ChurchCRM supports WordPress-style plugins. A plugin adds functionality — a new integration, a new settings page, a cron job, a hook that reacts when a person is created — without editing core code.

There are two kinds of plugins:

  • Core plugins ship with ChurchCRM and are maintained by the ChurchCRM team. They live at src/plugins/core/ inside a ChurchCRM installation and include integrations like MailChimp, Vonage, Google Analytics, Gravatar, OpenLP, External Backup, and Custom Links.
  • Community plugins are third-party extensions. They live at src/plugins/community/ inside a ChurchCRM installation and are installed at runtime by an admin from the approved list.

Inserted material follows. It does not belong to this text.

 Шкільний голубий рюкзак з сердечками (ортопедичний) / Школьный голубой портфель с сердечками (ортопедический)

All plugin management happens at Admin → Plugins.


What plugins can do

Plugins can:

  • Add new admin pages and menu items.
  • Register routes under /plugins/{id}/....
  • Subscribe to system hooks: person created/updated, family created/updated, menu building, calendar registration, and cron jobs.
  • Inject HTML/JS/CSS into core pages.
  • Store their own settings (sandboxed to plugin.{id}.* keys).
  • Ship their own translations (see Plugin Localization).

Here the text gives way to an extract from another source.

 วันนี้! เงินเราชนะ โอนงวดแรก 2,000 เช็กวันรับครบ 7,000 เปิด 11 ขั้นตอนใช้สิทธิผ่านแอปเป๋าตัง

Plugins cannot touch another plugin's settings, bypass the admin auth middleware, write files outside their own directory, or ship executable payloads like .phar, .sh, or .exe. ChurchCRM's installer rejects archives that try.

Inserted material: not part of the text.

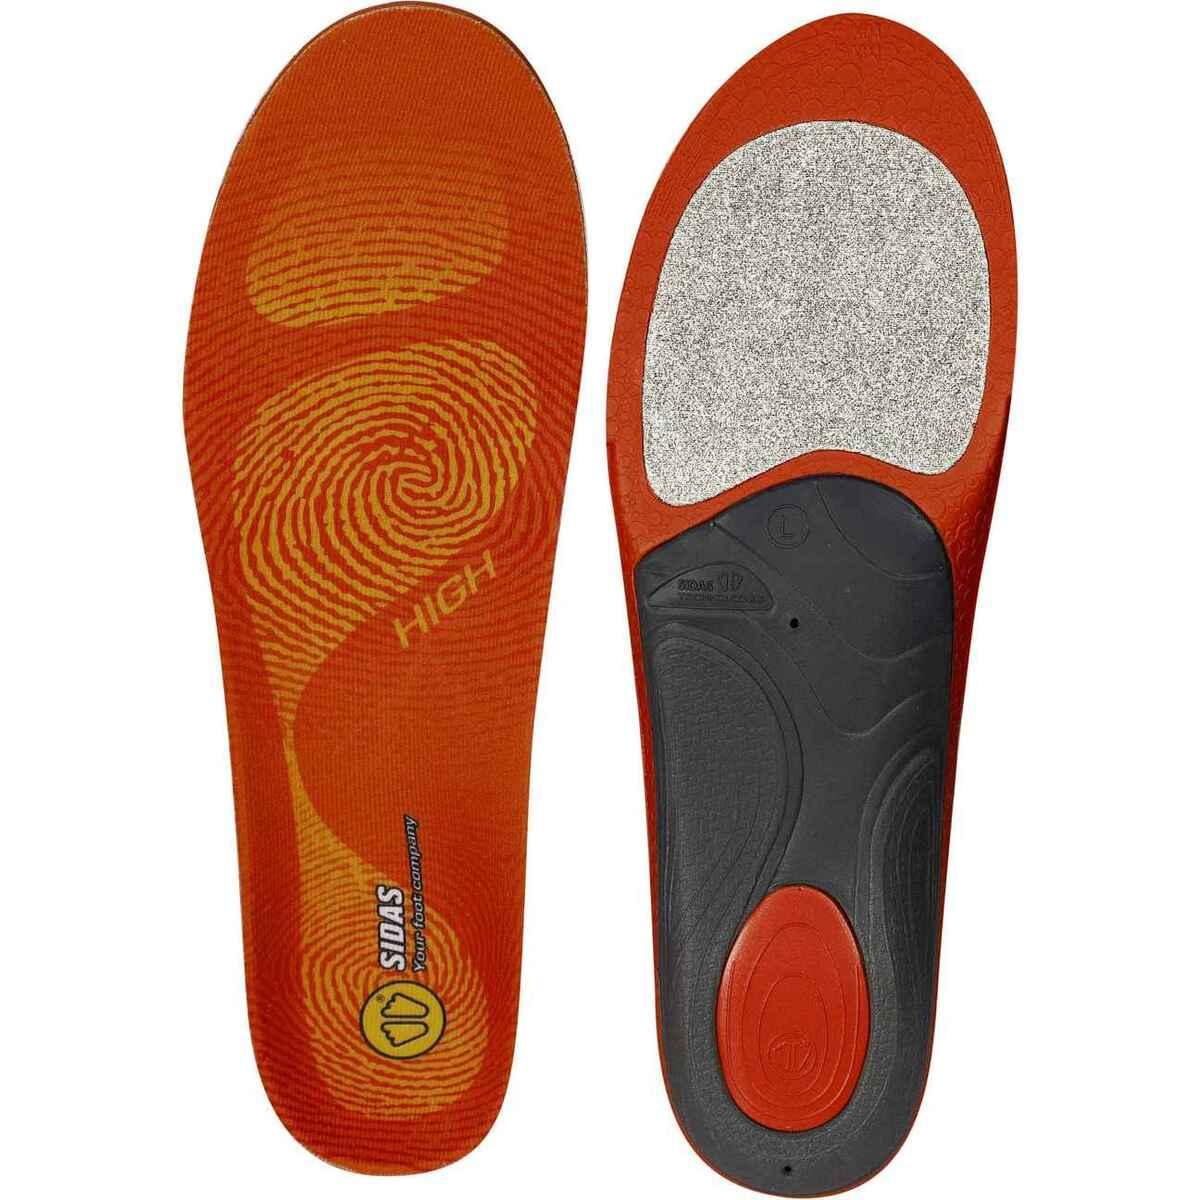 Bild 1 von Skischuhe Einlegesohlen starke Fußwölbungen

How to install a community plugin

See Installing Community Plugins. The short version: from Admin → Plugins, choose a plugin from the approved list, click Install, review the risk summary, then click Enable when you're ready.


Security & compliance

Community plugins are a supply-chain surface — they run on your server with the same permissions as the ChurchCRM application. Before you install anything, read Plugin Security & Compliance. It covers the risk levels admins see in the install screen, the capability tags approved plugins must declare, and the audit checklist we recommend running every quarter.


For plugin developers

If you want to build a community plugin, start in the ChurchCRM repository's skill files rather than here — they have the canonical technical details:

  • plugin-create.md — the community plugin quickstart: scaffold, code, run the security scan against your own tree, build a reproducible zip, and open the approved-plugins.json pull request.
  • plugin-development.md — the technical reference, including the full allowed/forbidden capability contract.
  • plugin-security-scan.md — the review checklist every approved community plugin must pass before it enters the registry.

Note: ChurchCRM has a separate plugin-migration.md skill, but it applies only to the core plugins shipped in src/plugins/core/. Community plugin authors do not use it.

Once your plugin is tagged and hosted at an immutable HTTPS URL with a reproducible SHA-256, open a pull request against src/plugins/approved-plugins.json in the CRM repo. A ChurchCRM maintainer will run the security-scan checklist against your zip and either approve, request changes, or reject.